Model

Hidden Disparate Impact

It is against commonly held intuitions that a group can be both over-represented in a profession, school, or program, and discriminated against. The simplest way to test for discrimination is to look at the general population, find the percent that a group represents, then expect them to represent exactly that percentage in any endeavour, absent discrimination.

Harvard, for example, is 17.1% Asian-American (foreign students are broken out separately in the statistics I found, so we’re only talking about American citizens or permanent residents in this post). America as a whole is 4.8% Asian-American. Therefore, many people will conclude that there is no discrimination happening against Asian-Americans at Harvard.

This is what would happen under many disparate impact analyses of discrimination, where the first step to showing discrimination is showing one group being accepted (for housing, employment, education, etc.) at a lower rate than another.

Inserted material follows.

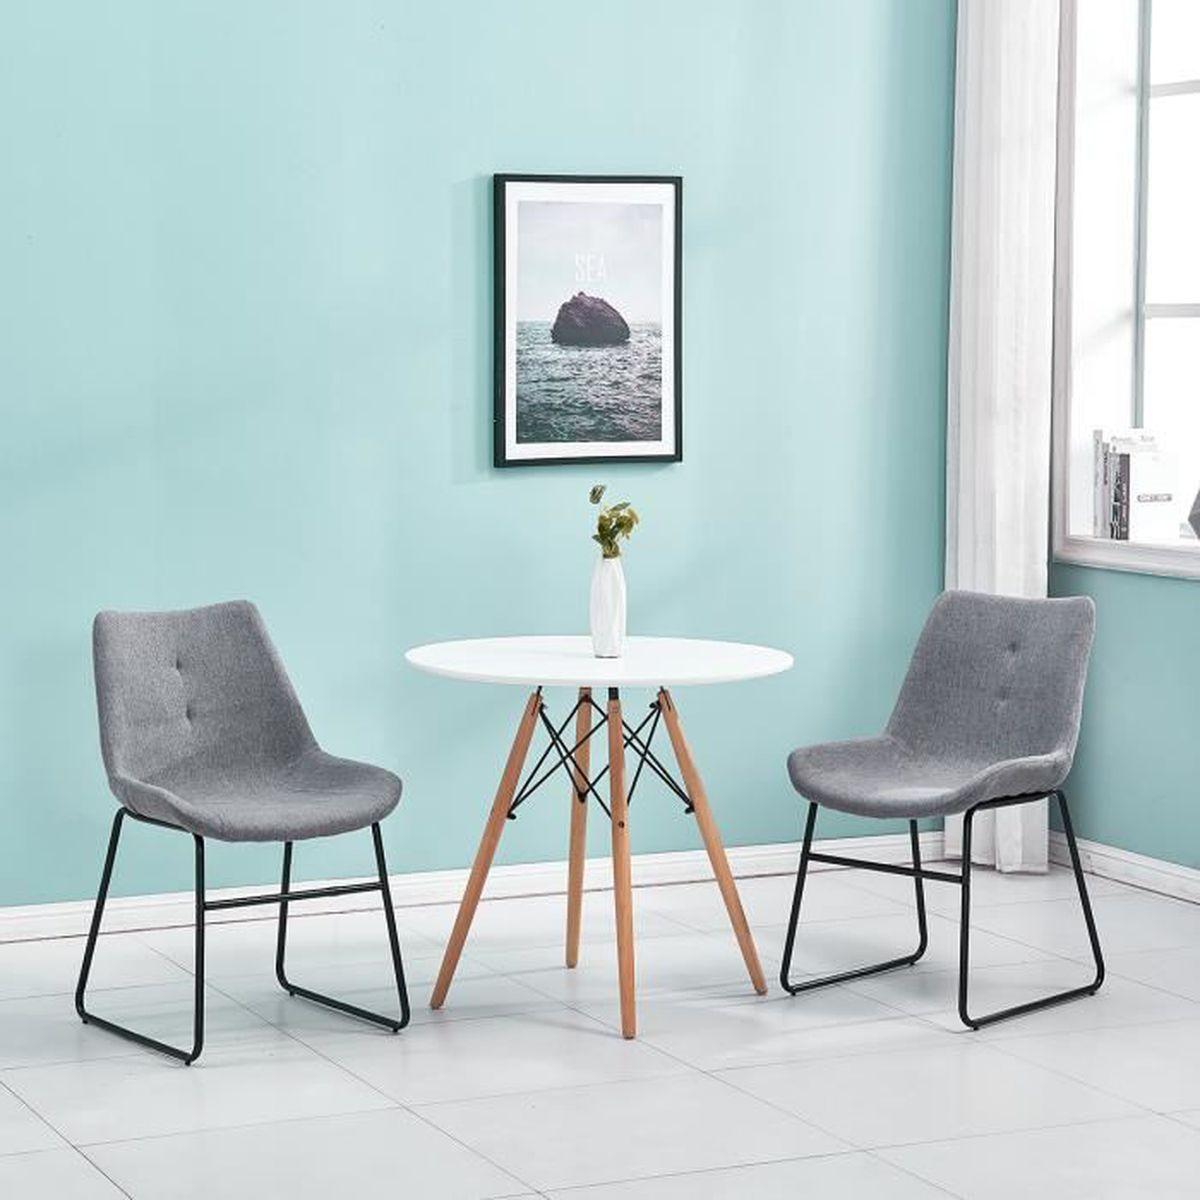 Salle A Manger Retro lot de 2 chaises gris de salon salle à manger style vintage

I think this naïve view is deeply flawed. First, we have clear evidence that Harvard is discriminating against Asian-Americans. When Harvard assigned personality scores to applicants, Asian-Americans were given the lowest scores of any ethnic group. When actual people met with Asian-American applicants, their personality scores were the same as everyone else’s; Harvard had assigned many of the low ratings without ever meeting the students, in what many suspect is an attempt to keep Asian-Americans below 20% of the student body.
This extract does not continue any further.